◆ **Task prompt**
Your response should be every line of the data, written out exactly.

◆ **Record excerpts**
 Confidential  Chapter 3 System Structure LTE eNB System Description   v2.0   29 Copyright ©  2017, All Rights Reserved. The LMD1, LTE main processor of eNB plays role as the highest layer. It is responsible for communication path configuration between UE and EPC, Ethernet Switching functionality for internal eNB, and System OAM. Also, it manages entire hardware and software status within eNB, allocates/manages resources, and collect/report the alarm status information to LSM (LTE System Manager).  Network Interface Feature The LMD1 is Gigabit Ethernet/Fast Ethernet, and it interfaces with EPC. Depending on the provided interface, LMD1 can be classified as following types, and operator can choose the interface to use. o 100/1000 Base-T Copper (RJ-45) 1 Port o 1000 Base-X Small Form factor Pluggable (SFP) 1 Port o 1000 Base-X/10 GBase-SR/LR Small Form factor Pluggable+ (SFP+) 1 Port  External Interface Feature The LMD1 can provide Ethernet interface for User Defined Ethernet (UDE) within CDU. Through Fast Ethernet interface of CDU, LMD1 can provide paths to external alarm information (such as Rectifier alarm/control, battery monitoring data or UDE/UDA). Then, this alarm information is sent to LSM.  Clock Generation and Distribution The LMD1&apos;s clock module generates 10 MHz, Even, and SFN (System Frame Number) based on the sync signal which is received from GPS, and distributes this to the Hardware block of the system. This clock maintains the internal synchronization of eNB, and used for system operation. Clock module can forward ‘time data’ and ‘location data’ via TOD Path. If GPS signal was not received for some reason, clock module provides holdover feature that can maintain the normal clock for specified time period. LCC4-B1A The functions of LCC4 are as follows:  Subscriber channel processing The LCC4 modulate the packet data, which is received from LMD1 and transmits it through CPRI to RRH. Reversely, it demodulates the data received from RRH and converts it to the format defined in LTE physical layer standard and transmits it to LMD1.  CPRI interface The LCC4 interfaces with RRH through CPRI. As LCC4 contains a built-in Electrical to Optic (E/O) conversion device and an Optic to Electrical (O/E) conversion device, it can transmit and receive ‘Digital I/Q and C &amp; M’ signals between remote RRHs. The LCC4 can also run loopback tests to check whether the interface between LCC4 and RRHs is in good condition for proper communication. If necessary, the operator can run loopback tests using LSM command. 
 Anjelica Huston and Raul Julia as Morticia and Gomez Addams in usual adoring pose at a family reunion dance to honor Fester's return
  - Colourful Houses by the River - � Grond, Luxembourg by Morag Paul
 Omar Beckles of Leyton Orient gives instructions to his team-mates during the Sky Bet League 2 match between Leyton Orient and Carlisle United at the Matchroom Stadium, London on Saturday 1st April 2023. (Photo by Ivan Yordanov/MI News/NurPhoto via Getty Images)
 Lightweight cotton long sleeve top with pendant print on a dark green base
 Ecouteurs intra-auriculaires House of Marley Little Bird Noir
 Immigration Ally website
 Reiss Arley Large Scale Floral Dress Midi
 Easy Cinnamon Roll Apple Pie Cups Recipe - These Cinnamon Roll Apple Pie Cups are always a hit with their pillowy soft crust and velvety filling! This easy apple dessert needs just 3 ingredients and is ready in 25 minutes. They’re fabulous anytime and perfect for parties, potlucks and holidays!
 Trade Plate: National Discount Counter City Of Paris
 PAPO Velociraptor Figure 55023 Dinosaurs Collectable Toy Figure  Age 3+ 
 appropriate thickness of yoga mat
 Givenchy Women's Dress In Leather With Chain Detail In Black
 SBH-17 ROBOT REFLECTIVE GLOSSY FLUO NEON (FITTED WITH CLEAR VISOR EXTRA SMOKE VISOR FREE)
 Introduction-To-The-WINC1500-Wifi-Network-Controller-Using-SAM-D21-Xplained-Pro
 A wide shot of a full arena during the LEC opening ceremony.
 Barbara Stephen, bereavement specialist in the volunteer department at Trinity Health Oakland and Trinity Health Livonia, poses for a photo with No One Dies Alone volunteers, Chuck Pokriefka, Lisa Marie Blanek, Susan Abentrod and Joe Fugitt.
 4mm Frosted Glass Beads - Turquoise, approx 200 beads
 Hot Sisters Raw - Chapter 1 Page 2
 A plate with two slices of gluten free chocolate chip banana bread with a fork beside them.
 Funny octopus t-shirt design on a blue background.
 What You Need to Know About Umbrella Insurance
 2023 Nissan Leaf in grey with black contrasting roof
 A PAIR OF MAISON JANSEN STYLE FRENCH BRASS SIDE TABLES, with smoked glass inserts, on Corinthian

◆ **Answer to this problem**
 Confidential  Chapter 3 System Structure LTE eNB System Description   v2.0   29 Copyright ©  2017, All Rights Reserved. The LMD1, LTE main processor of eNB plays role as the highest layer. It is responsible for communication path configuration between UE and EPC, Ethernet Switching functionality for internal eNB, and System OAM. Also, it manages entire hardware and software status within eNB, allocates/manages resources, and collect/report the alarm status information to LSM (LTE System Manager).  Network Interface Feature The LMD1 is Gigabit Ethernet/Fast Ethernet, and it interfaces with EPC. Depending on the provided interface, LMD1 can be classified as following types, and operator can choose the interface to use. o 100/1000 Base-T Copper (RJ-45) 1 Port o 1000 Base-X Small Form factor Pluggable (SFP) 1 Port o 1000 Base-X/10 GBase-SR/LR Small Form factor Pluggable+ (SFP+) 1 Port  External Interface Feature The LMD1 can provide Ethernet interface for User Defined Ethernet (UDE) within CDU. Through Fast Ethernet interface of CDU, LMD1 can provide paths to external alarm information (such as Rectifier alarm/control, battery monitoring data or UDE/UDA). Then, this alarm information is sent to LSM.  Clock Generation and Distribution The LMD1&apos;s clock module generates 10 MHz, Even, and SFN (System Frame Number) based on the sync signal which is received from GPS, and distributes this to the Hardware block of the system. This clock maintains the internal synchronization of eNB, and used for system operation. Clock module can forward ‘time data’ and ‘location data’ via TOD Path. If GPS signal was not received for some reason, clock module provides holdover feature that can maintain the normal clock for specified time period. LCC4-B1A The functions of LCC4 are as follows:  Subscriber channel processing The LCC4 modulate the packet data, which is received from LMD1 and transmits it through CPRI to RRH. Reversely, it demodulates the data received from RRH and converts it to the format defined in LTE physical layer standard and transmits it to LMD1.  CPRI interface The LCC4 interfaces with RRH through CPRI. As LCC4 contains a built-in Electrical to Optic (E/O) conversion device and an Optic to Electrical (O/E) conversion device, it can transmit and receive ‘Digital I/Q and C &amp; M’ signals between remote RRHs. The LCC4 can also run loopback tests to check whether the interface between LCC4 and RRHs is in good condition for proper communication. If necessary, the operator can run loopback tests using LSM command. 
 Anjelica Huston and Raul Julia as Morticia and Gomez Addams in usual adoring pose at a family reunion dance to honor Fester's return
  - Colourful Houses by the River - � Grond, Luxembourg by Morag Paul
 Omar Beckles of Leyton Orient gives instructions to his team-mates during the Sky Bet League 2 match between Leyton Orient and Carlisle United at the Matchroom Stadium, London on Saturday 1st April 2023. (Photo by Ivan Yordanov/MI News/NurPhoto via Getty Images)
 Lightweight cotton long sleeve top with pendant print on a dark green base
 Ecouteurs intra-auriculaires House of Marley Little Bird Noir
 Immigration Ally website
 Reiss Arley Large Scale Floral Dress Midi
 Easy Cinnamon Roll Apple Pie Cups Recipe - These Cinnamon Roll Apple Pie Cups are always a hit with their pillowy soft crust and velvety filling! This easy apple dessert needs just 3 ingredients and is ready in 25 minutes. They’re fabulous anytime and perfect for parties, potlucks and holidays!
 Trade Plate: National Discount Counter City Of Paris
 PAPO Velociraptor Figure 55023 Dinosaurs Collectable Toy Figure  Age 3+ 
 appropriate thickness of yoga mat
 Givenchy Women's Dress In Leather With Chain Detail In Black
 SBH-17 ROBOT REFLECTIVE GLOSSY FLUO NEON (FITTED WITH CLEAR VISOR EXTRA SMOKE VISOR FREE)
 Introduction-To-The-WINC1500-Wifi-Network-Controller-Using-SAM-D21-Xplained-Pro
 A wide shot of a full arena during the LEC opening ceremony.
 Barbara Stephen, bereavement specialist in the volunteer department at Trinity Health Oakland and Trinity Health Livonia, poses for a photo with No One Dies Alone volunteers, Chuck Pokriefka, Lisa Marie Blanek, Susan Abentrod and Joe Fugitt.
 4mm Frosted Glass Beads - Turquoise, approx 200 beads
 Hot Sisters Raw - Chapter 1 Page 2
 A plate with two slices of gluten free chocolate chip banana bread with a fork beside them.
 Funny octopus t-shirt design on a blue background.
 What You Need to Know About Umbrella Insurance
 2023 Nissan Leaf in grey with black contrasting roof
 A PAIR OF MAISON JANSEN STYLE FRENCH BRASS SIDE TABLES, with smoked glass inserts, on Corinthian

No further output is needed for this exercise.